Threads carry conversation history: pass a stable thread_id per
conversation (any string of yours, or omit it and one is minted with a
thr_ prefix and returned on the run) and the smith sees the recent turns of
that thread.
input is a list of messages: { "role": "user" | "assistant", "content": "<text>" }. content is a plain string for a text turn, or an array of typed
parts ({ "type": "text" | "image" | "file", … }) for a multimodal turn — when
you read a run back, a turn that carried an image or file comes back in the
parts form. Multiple messages are allowed (e.g. to replay context); system
behaviour comes from the smith's resolved instructions, not a system
message. For long turns prefer "stream": true.
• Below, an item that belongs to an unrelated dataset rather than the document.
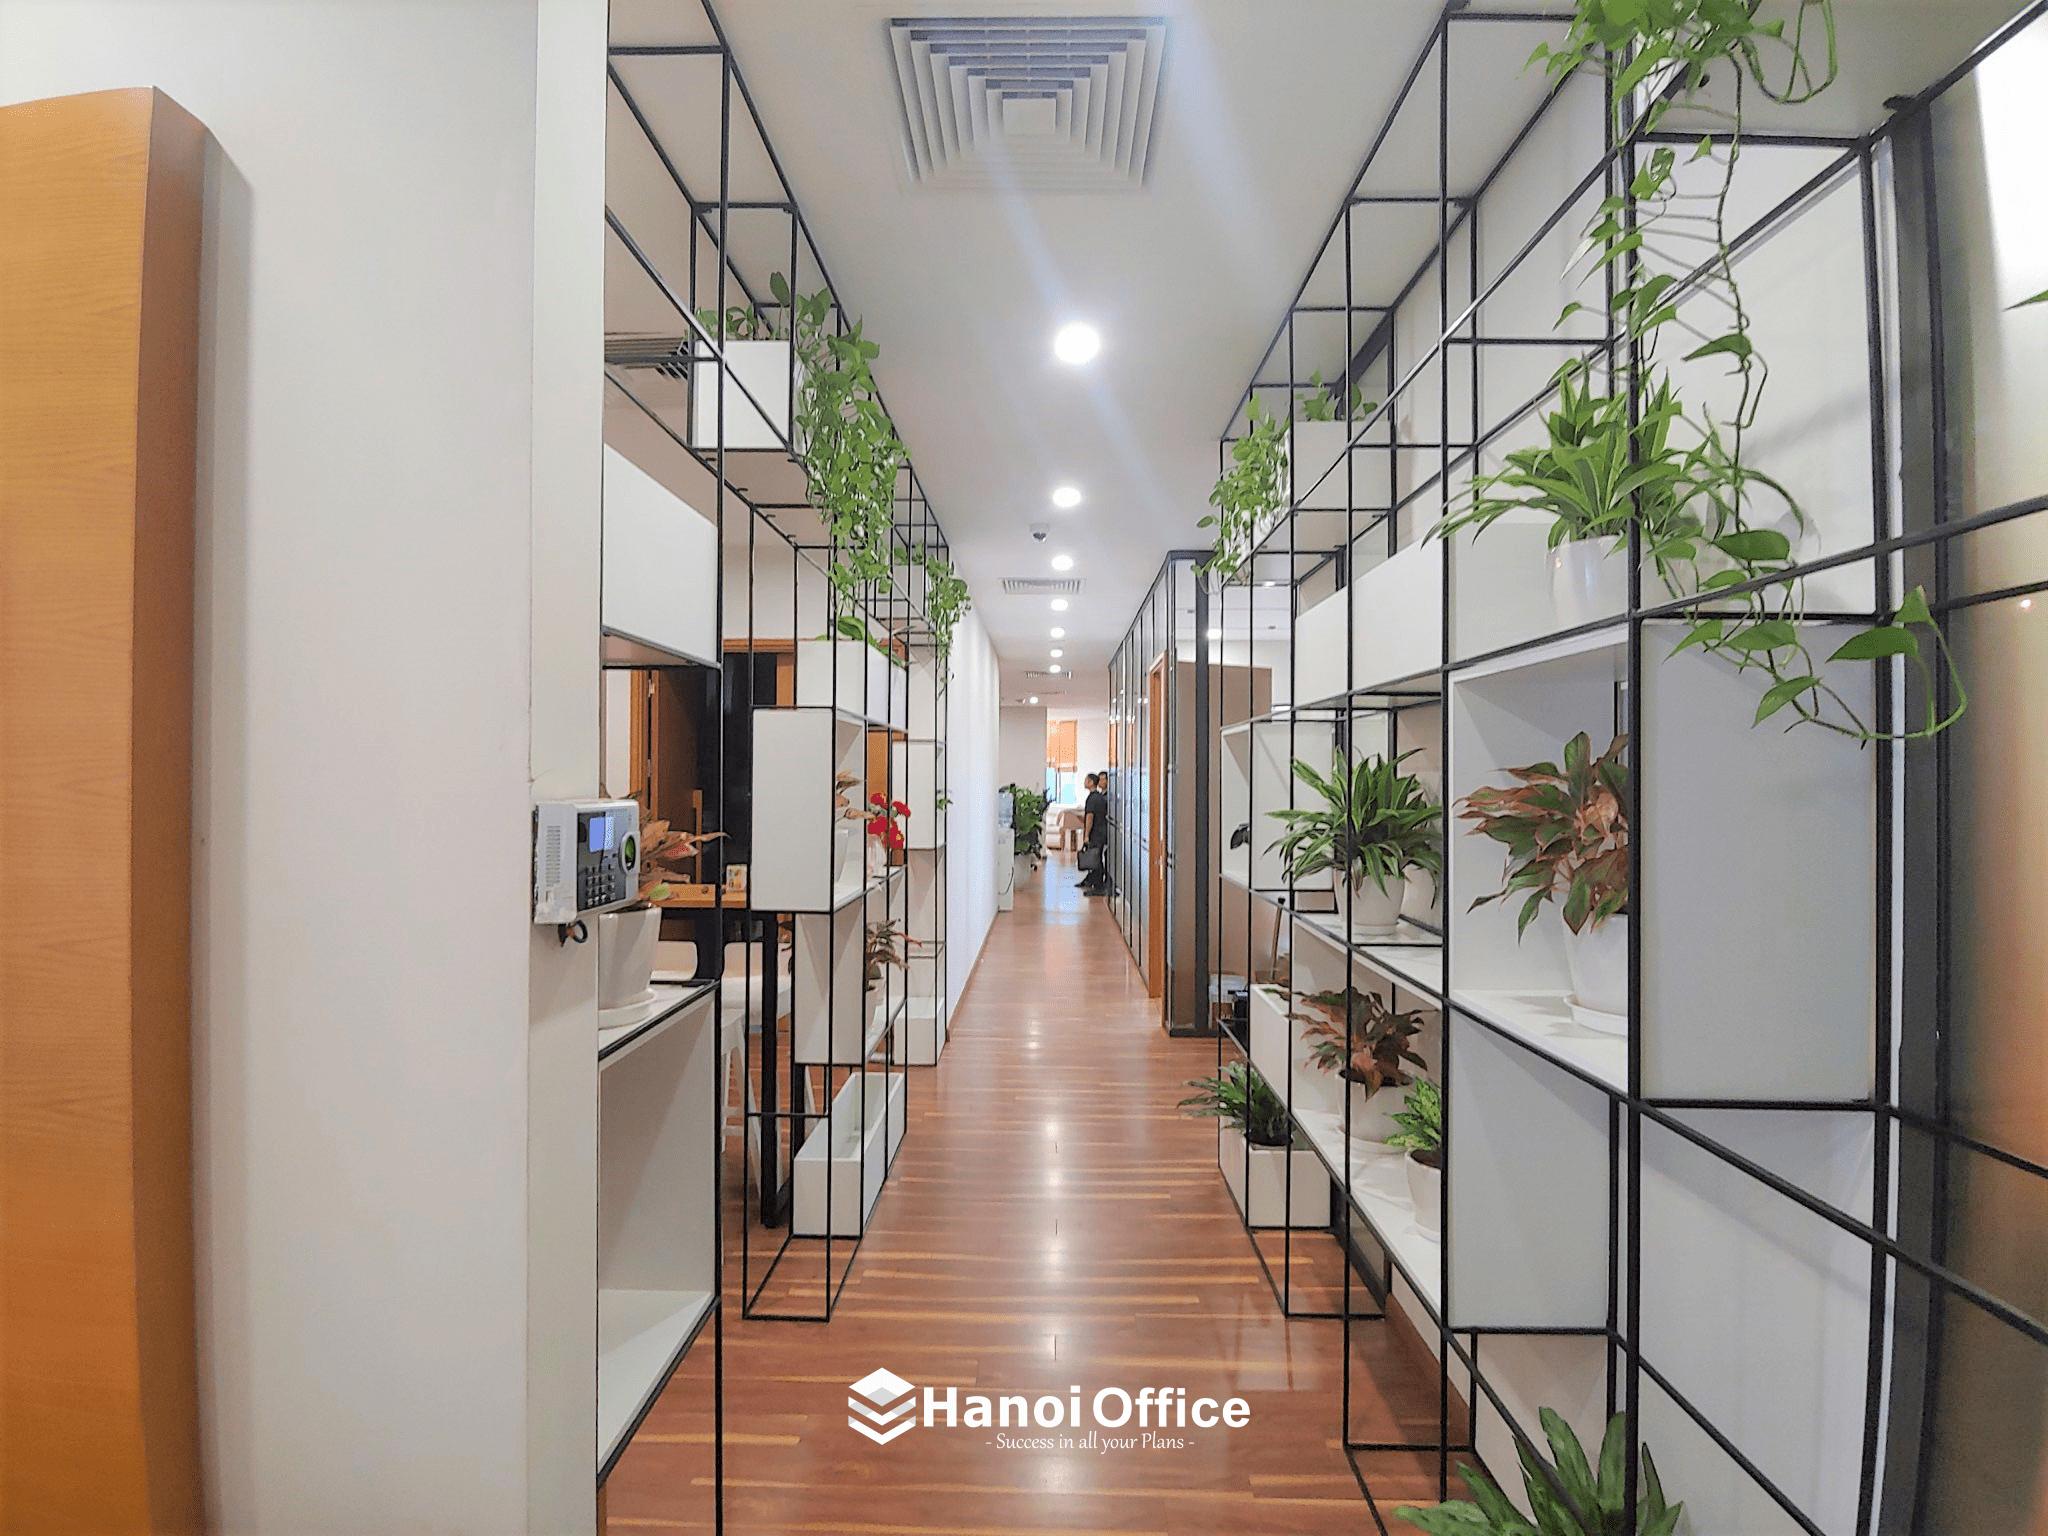 he-thong-van-phong-tron-goi-hanoi-office

A synchronous call holds the
connection open for the whole turn.
Synchronous runs
# Authorization: tenant-admin token (server-side only), or a smith token
curl https://api.cloud.ingram.tech/v1/smiths/smt_…/runs \
-H "Authorization: Bearer $IC_TOKEN" \
-H "IC-Api-Version: 2026-05-01" \
-H "Content-Type: application/json" \
-d '{ "input": [{ "role": "user", "content": "Summarize what we discussed yesterday." }],
"thread_id": "chat_42" }'
The response is the run record:
{ "id": "run_…", "smith_id": "smt_…", "thread_id": "chat_42",
"status": "queued | running | completed | paused_for_approval | failed | cancelled",
"output": { "content": "…", "tool_calls": [ { "id": "call_1", "type": "function",
"function": { "name": "get_weather", "arguments": "{…}" } } ] },
"stop_reason": "end_turn",
"usage": { "input_tokens": 0, "output_tokens": 0, "total_tokens": 0,
"cost": 0.0241 } }
output.tool_calls follows the OpenAI tool_calls shape ({ id, type, function })
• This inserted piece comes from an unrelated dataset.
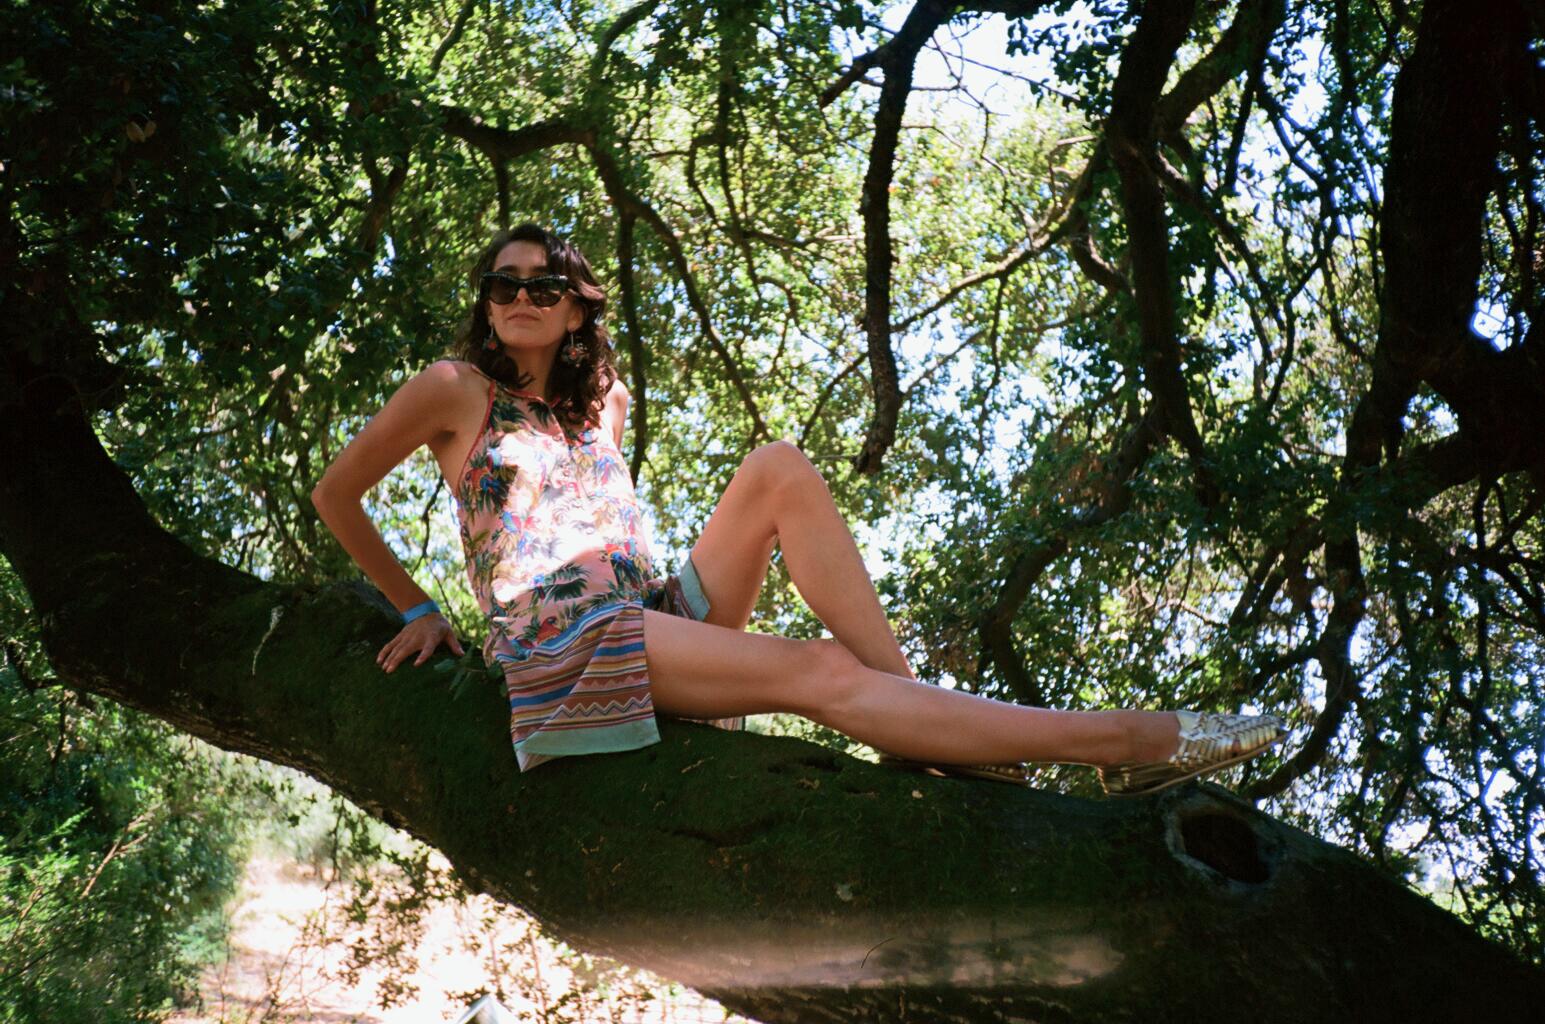 Meg Webb: Sunburn Chic

for a model-driven call; an approval pause instead surfaces a
pending-call object naming the tool and its arguments. A structured run (one that
passed response_format) sets output.content_type (e.g. application/json) so a
reader knows how to parse output.content. When the agent offered
quick-reply chips on a chat channel,
output.suggested_replies lists the labels it presented. usage reports this run's own token
counts and, when the model has a price-book entry, its priced cost in your
account currency — the run's own line-item, no separate query. (A turn on an
unpriced model carries tokens but omits cost.) The usage API
is where those are aggregated across runs into your billing summary.
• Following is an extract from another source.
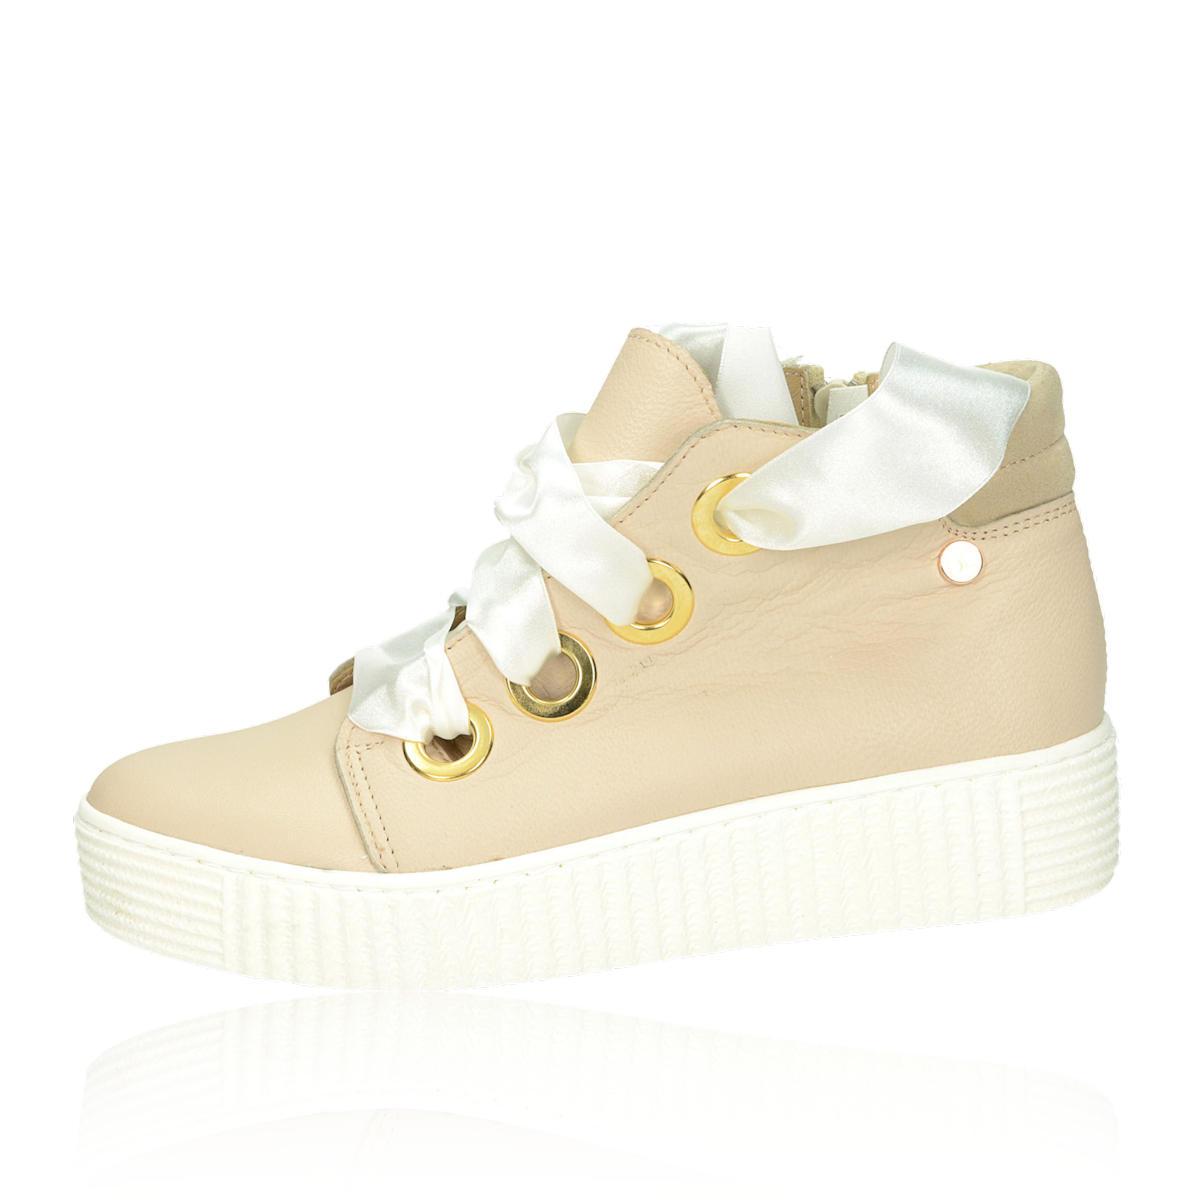 e92b28cc17bd ... Olivia shoes dámske štýlové tenisky na platforme - béžové ...

Reads: GET /v1/smiths/{sid}/runs/{rid} (one),
GET /v1/smiths/{sid}/runs (per smith),
GET /v1/runs?status=&smith_id=&agent_id= (project-wide feed; agent_id
pulls every run across one agent's smiths),
GET /v1/smiths/{sid}/runs/{rid}/events (SSE replay of the recorded log).
Which tools the run resolved
Every run records the tool set it resolved under metadata.tools, so "did my
MCP servers actually reach the model?" is a one-read fact instead
of something you infer from the model behaving as if it had none:
"metadata": { "tools": {
"total": 4,
"mcp": [{ "server": "librarian", "tools": 3 }],
"hosted": ["web_search"], "deployment": 0, "memory": 0,
"errors": [{ "server": "acme", "error": "runtime load failed: stored secret could not be decoded" }]
} }
mcp lists each registered MCP server with the number of its tools that passed
the allow-list and reached the model — an empty list or a 0
count is the signal that a server contributed nothing to this run. errors names
any registered server the run skipped and why (e.g. a stored secret that can
no longer be decoded), so a missing tool reads as a recorded reason rather than a
guess — the same failure also flips that server to degraded on
GET /v1/tenant/mcp.
Streaming with SSE
"stream": true returns text/event-stream. Every event is one envelope:
event: carries the type, data: a JSON object that always includes
{ "v": 1, "run_id": "…" }. Prefer off-the-shelf SDKs for an in-app chat tab?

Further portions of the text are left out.